— Material provided —
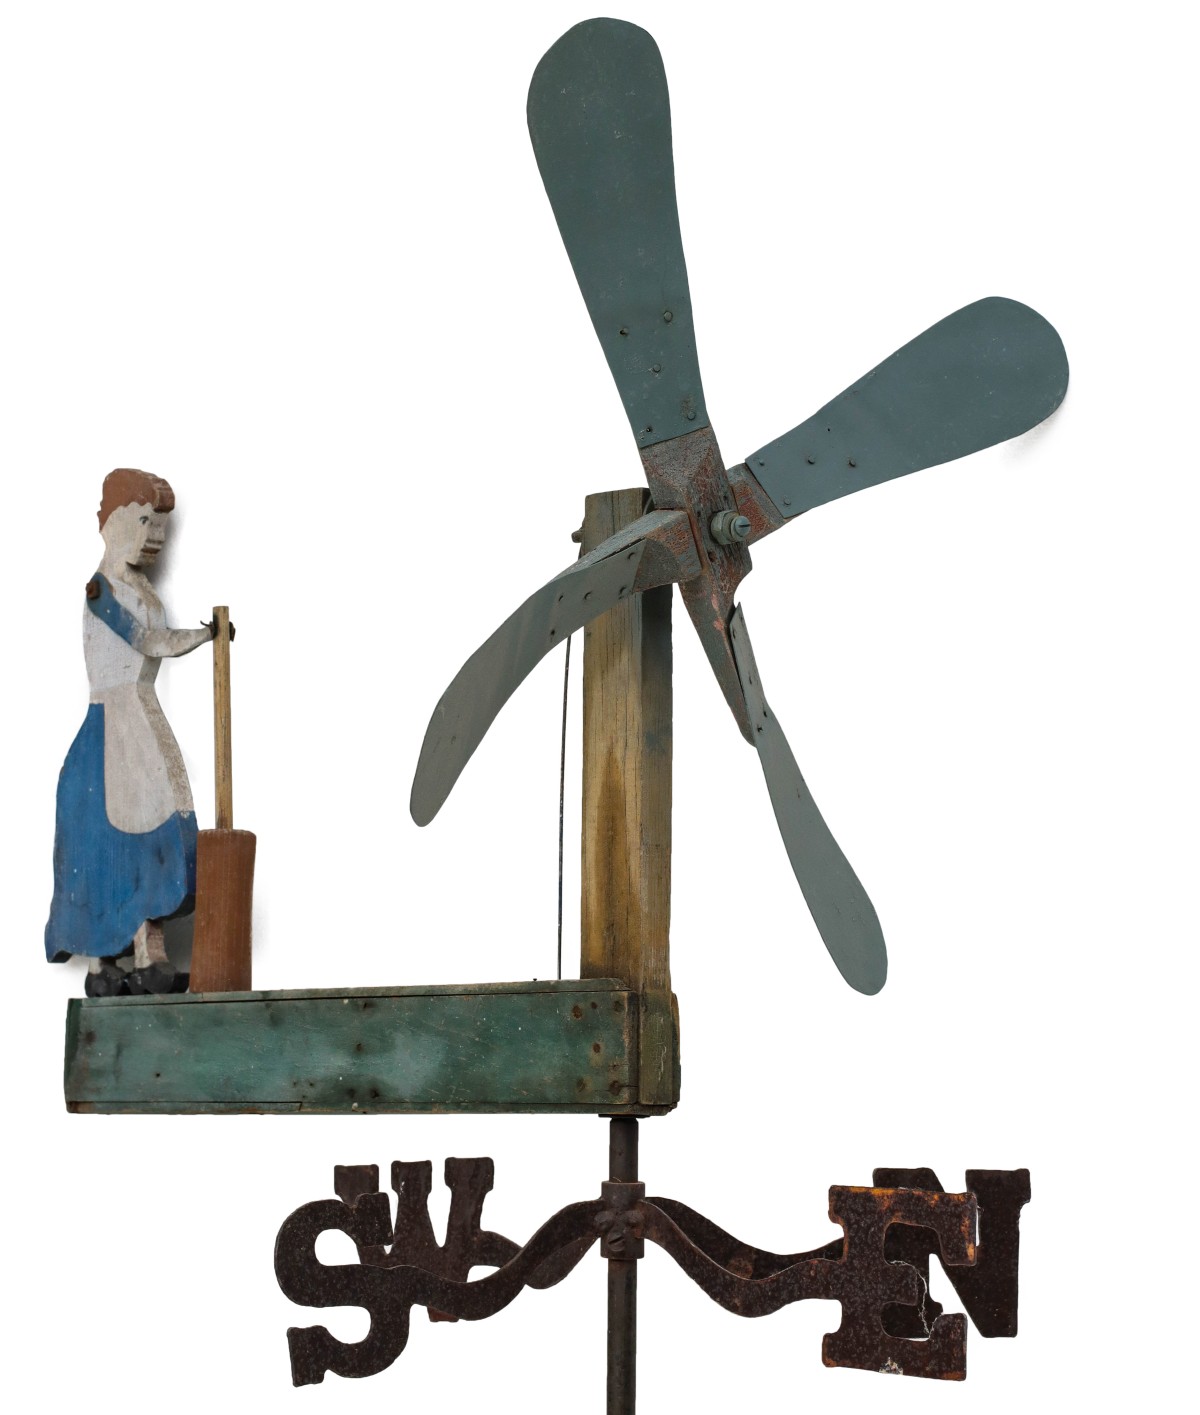 A FOLK ART WHIRLIGIG WITH CHURNING BUTTER PIONEER
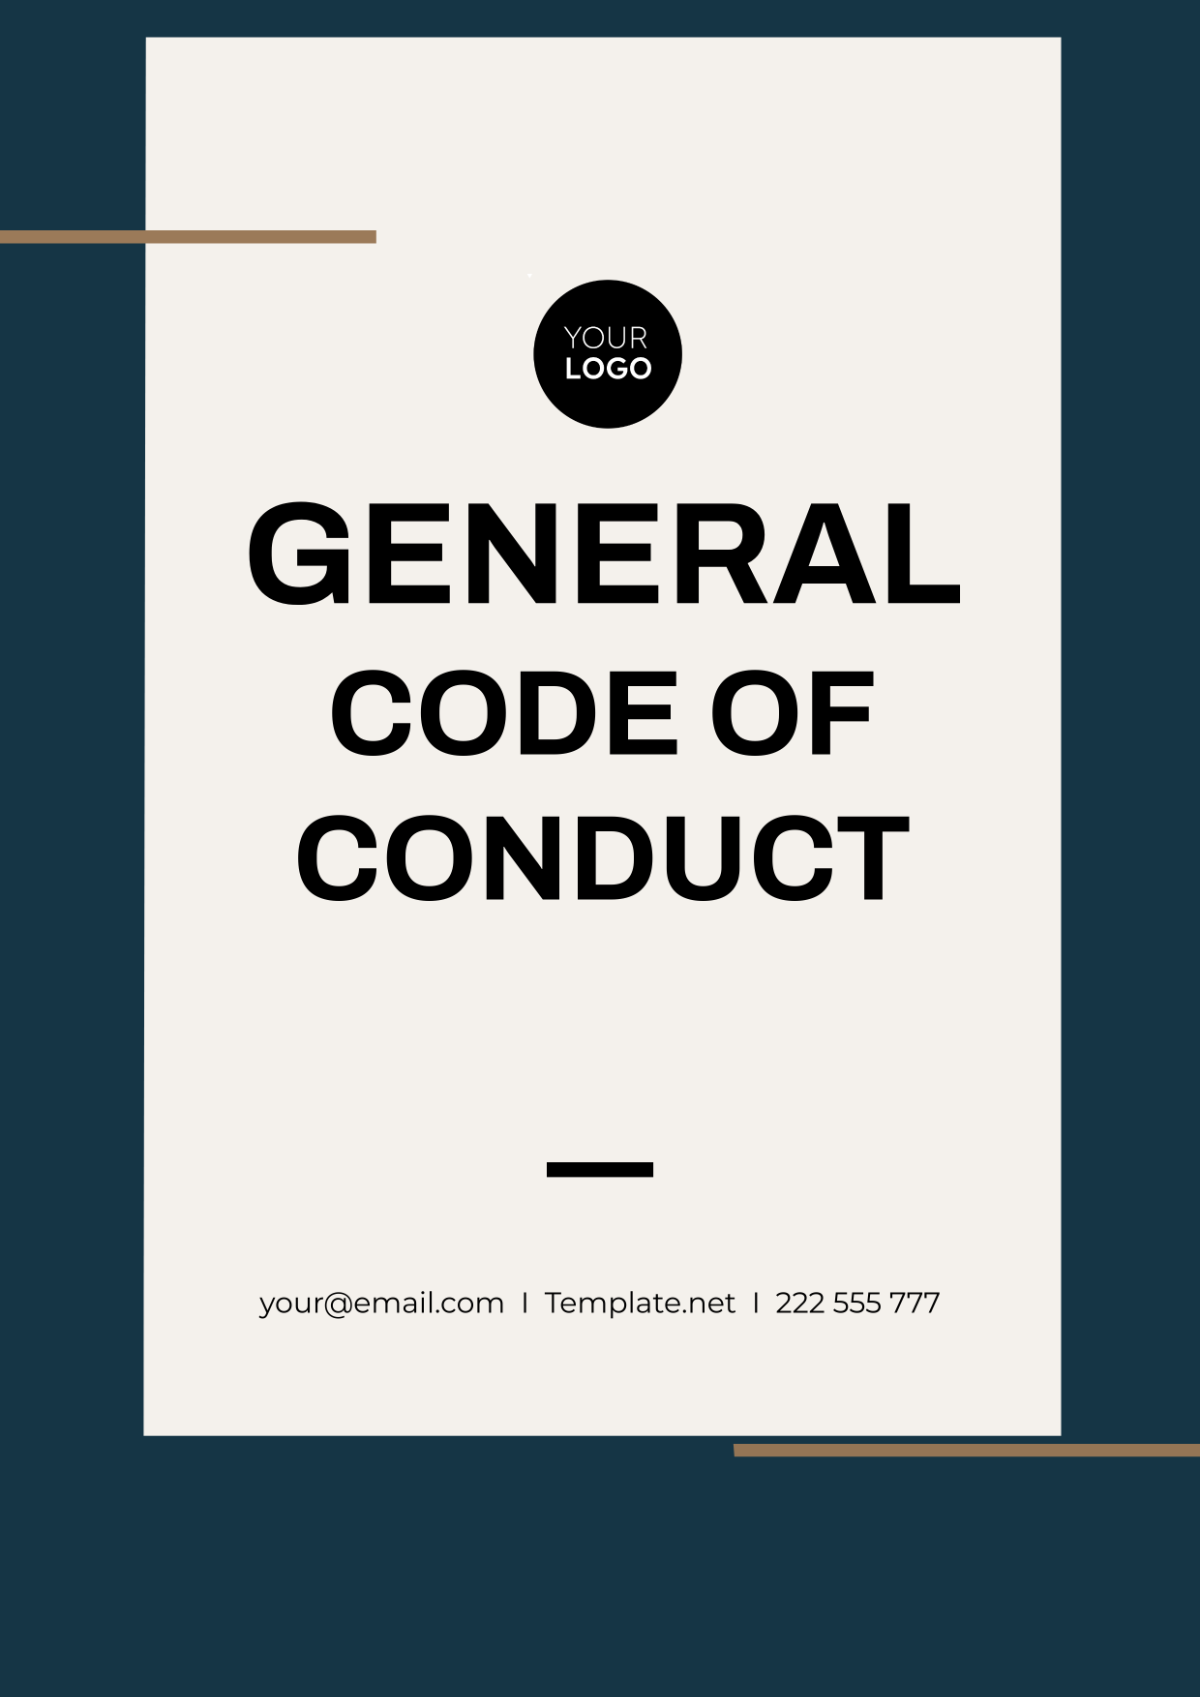 General Code of Conduct Template
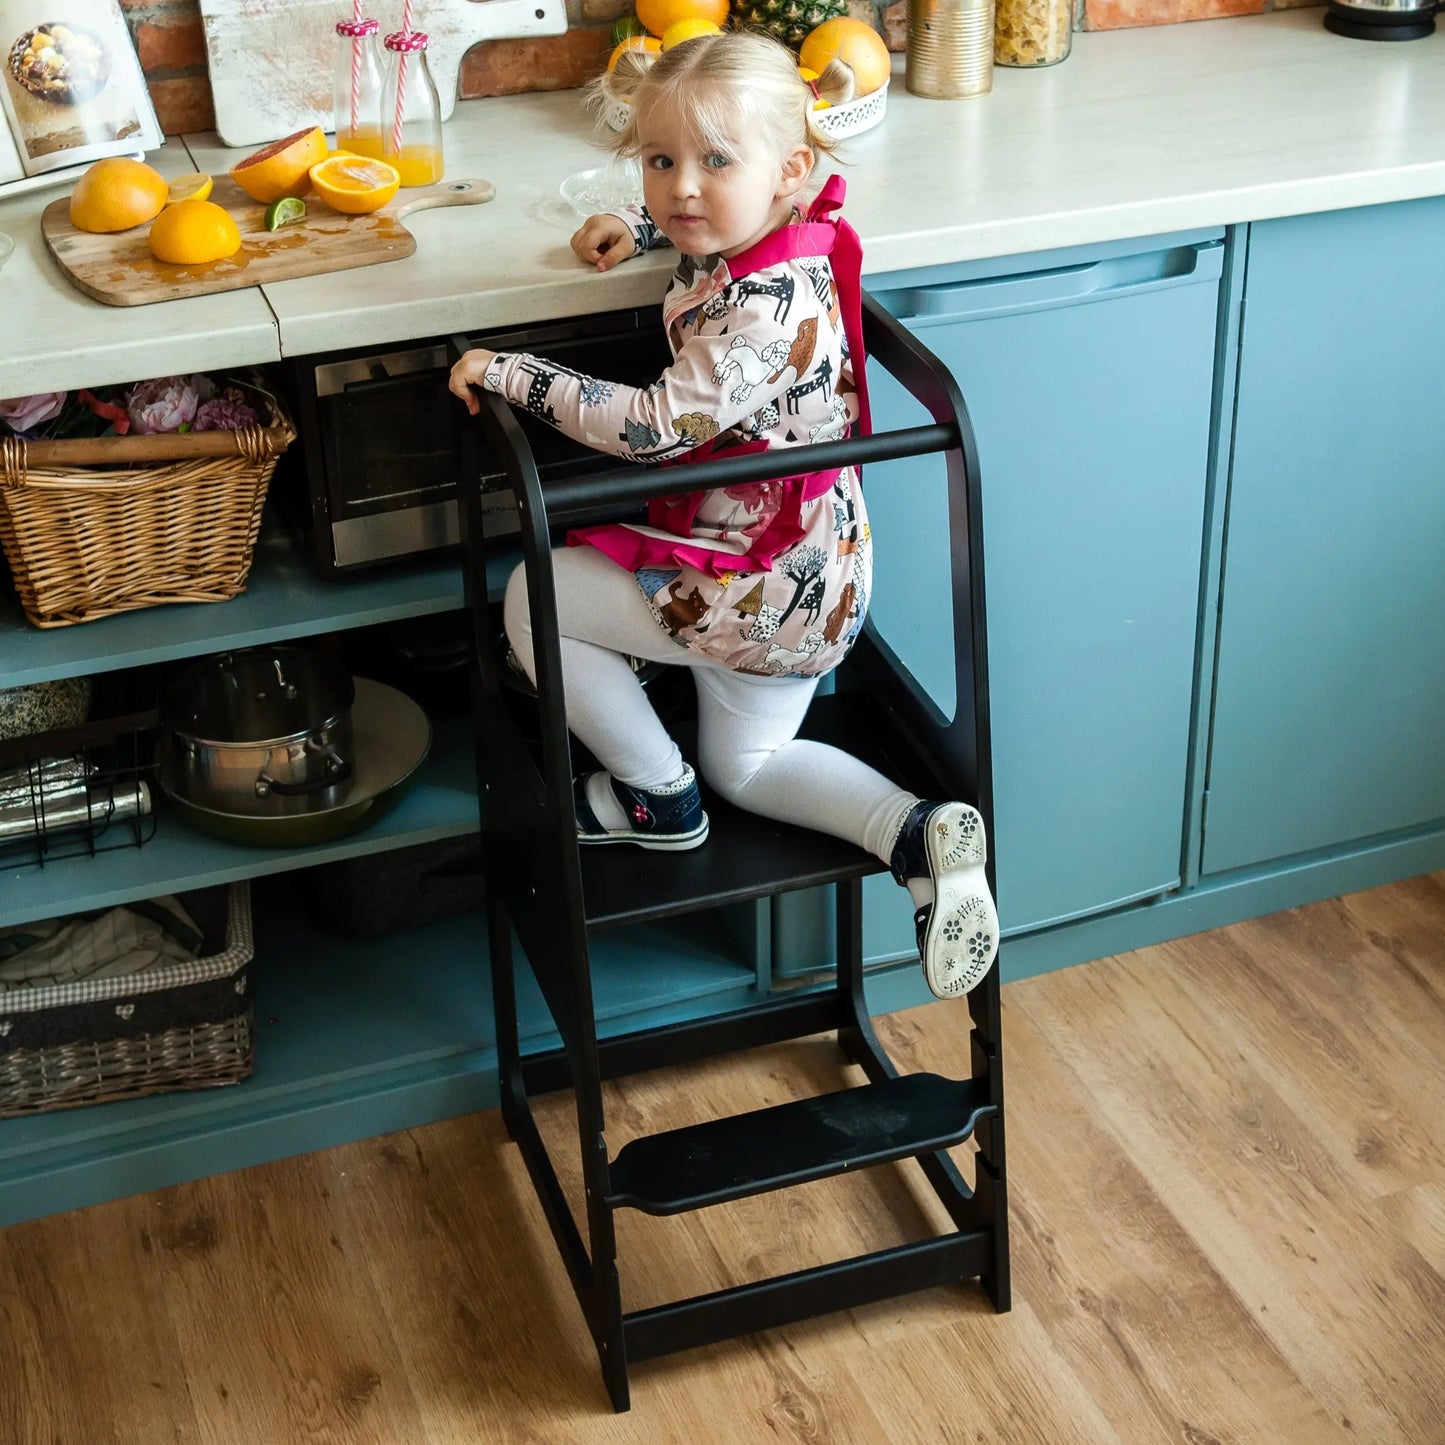 A child sits on a Montessori Learning Tower Step Stool in a kitchen, reaching for items. Adjustable height, sturdy Baltic birch plywood, handmade in Latvia. Encourages independence and safe kitchen interaction.

— Problem description —
An exact restatement is expected of the lines from the line containing "General Code of Conduct Template" to the end of the data above, pictures excluded.

— Problem solution —
 General Code of Conduct Template
 A child sits on a Montessori Learning Tower Step Stool in a kitchen, reaching for items. Adjustable height, sturdy Baltic birch plywood, handmade in Latvia. Encourages independence and safe kitchen interaction.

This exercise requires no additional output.